Databricks Workspace Migration: Seeding a New Streaming Pipeline from Old Bronze Data

Table of Contents

Problem: Retaining State During Workspace Migration #

Recently, I was asked to move an Azure Databricks workspace to a new subscription. As direct migration is not supported, creating a new workspace is generally required. Since I had used Infrastructure as Code (IaC) to set up the Azure infrastructure and Databricks Asset Bundles (DAB) to set up the Databricks assets, this was relatively easy to do.

However, while DAB handles table creation, the new environment starts with an empty state. If the pipeline relies on processing historical messages from an Event Hub (persisted in an old Bronze Delta table), simply rerunning the new pipeline will cause it to miss all prior events unless the Event Hub retention is sufficient, which is often not the case. We need to initialize the new Bronze table with the historical data from the old workspace.
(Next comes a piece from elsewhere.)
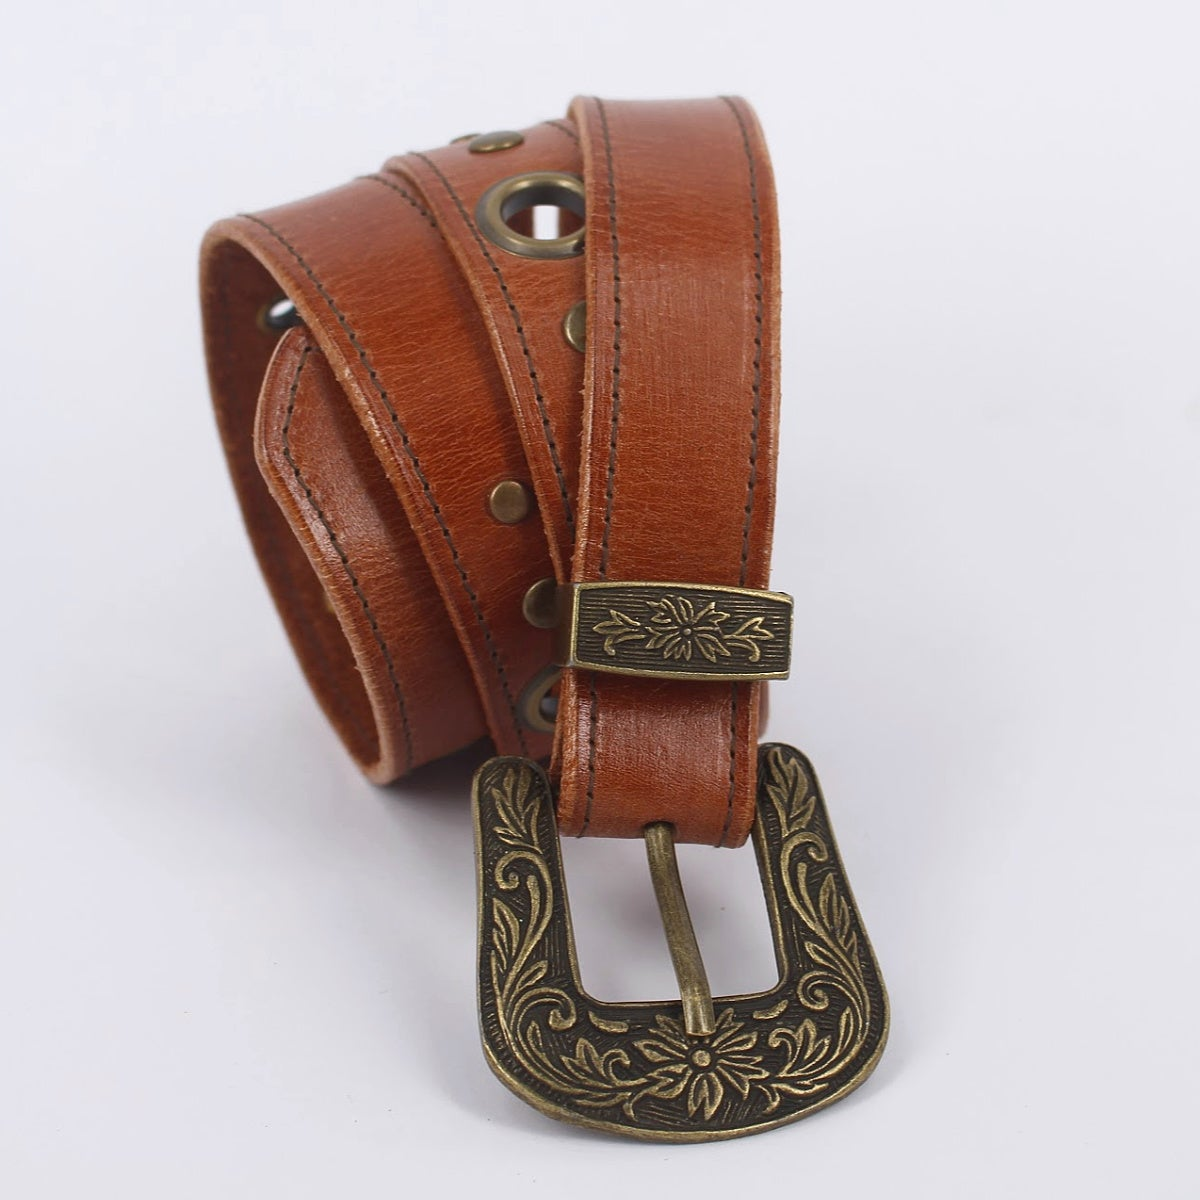 Image of Leather Boho Belt - Small Tan

Solution: Cross-Catalog Append for Stream Initialization #

The solution leverages the ability to read tables across different Workspaces, assuming the executing user has SELECT permissions on both catalogs:

Initialize Tables: Deploy and run the new pipeline once. This action creates the empty Bronze, Silver, and Gold Delta tables in the new workspace’s catalog schema.
Copy Bronze Data: Use a PySpark notebook on a cluster in the new workspace to read the entire historical Bronze table from the old catalog and append it to the newly created, empty Bronze table.
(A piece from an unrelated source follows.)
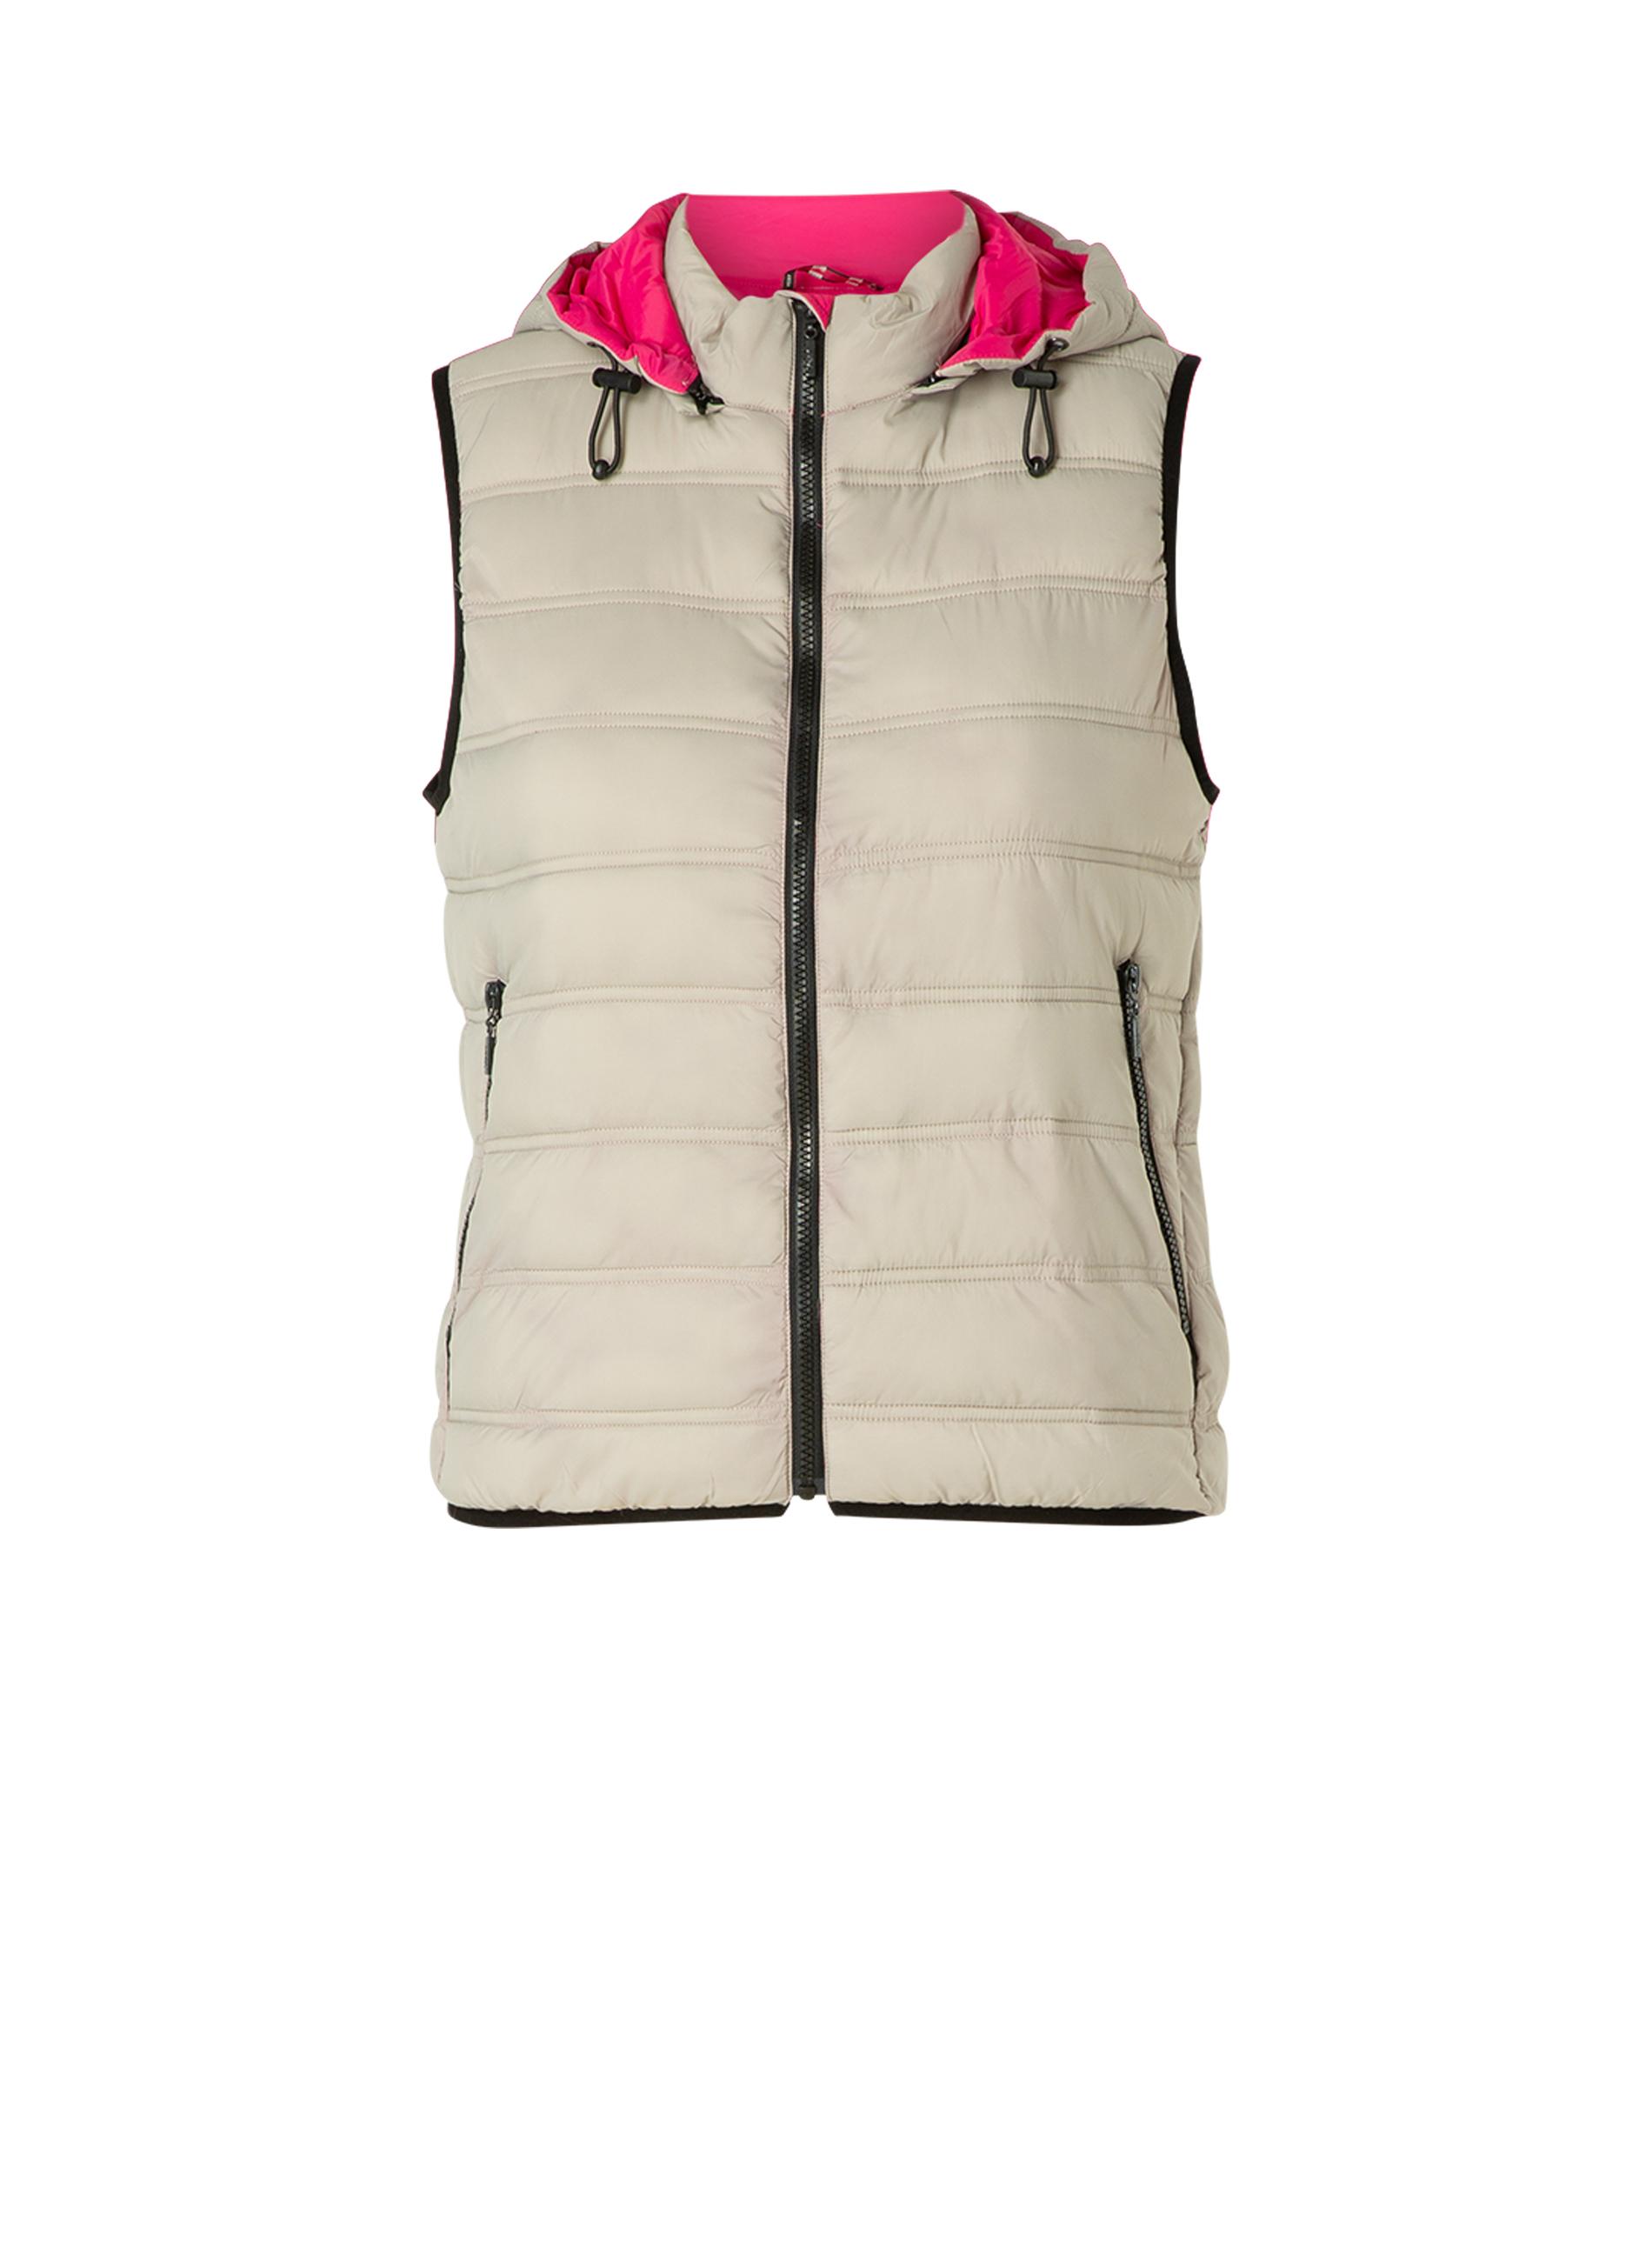 Yest Bodywarmer Summer Outerwear 60

# Assuming both the old and new catalogs are accessible and the user has SELECT permission.
# Replace 'old_catalog' and 'new_catalog' with your actual catalog names.
# Here it is assumed that the schema name is the same for old and new workspace,
# otherwise adjust accordingly

print("Reading data from old workspace/catalog...")
df = spark.read.table("old_catalog.raw_data.bronze_raw_events")

print(f"Read {df.count()} rows. Appending to new bronze table...")
df.write \
    .format("delta") \
    .mode("append") \
    .saveAsTable("new_catalog.raw_data.bronze_raw_events")
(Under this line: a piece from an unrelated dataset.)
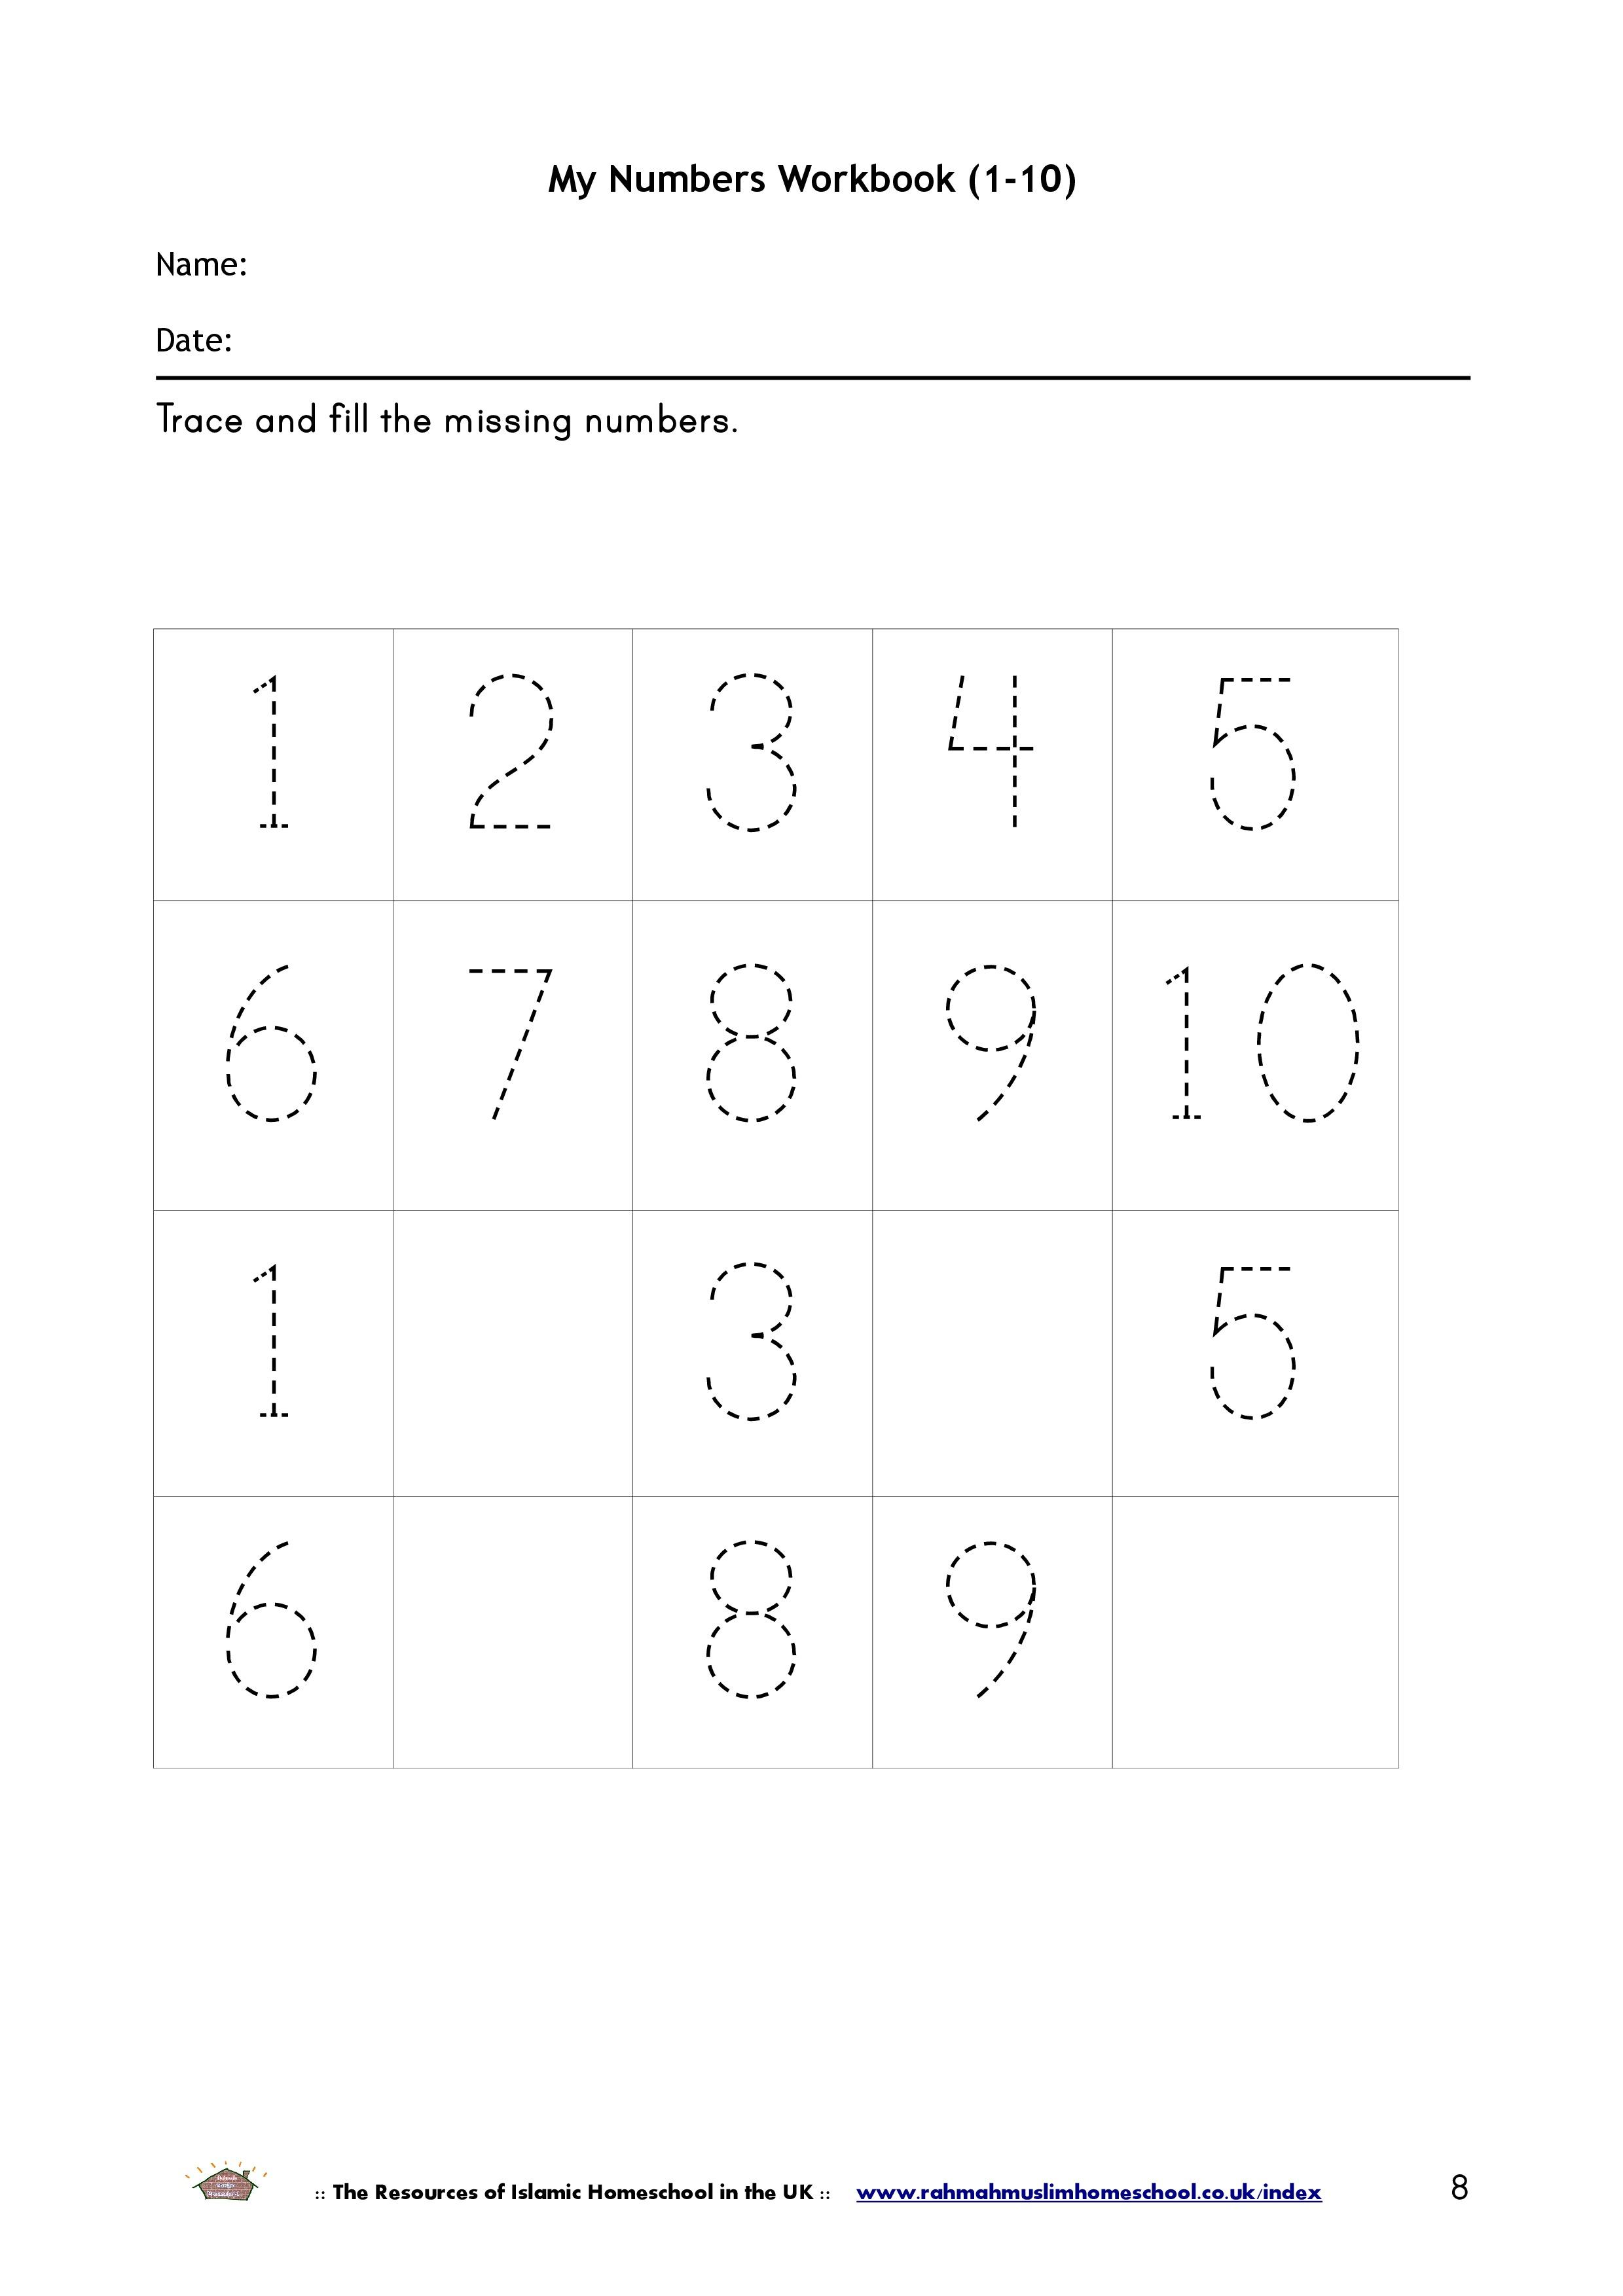 Maths My Numbers Workbook 1 10

print("Append complete. Rerun the streaming pipeline.")

Final Pipeline Run: Rerun the streaming pipeline. The pipeline will read the appended data, stream it through the Silver layers, and materialize the Gold views, effectively synchronizing the data state.

Note: Order is important! I also tried to first copy the data into the new catalog and then run the pipeline. This does not work because the pipeline tries to create the table on its first run - but cannot as it already exists.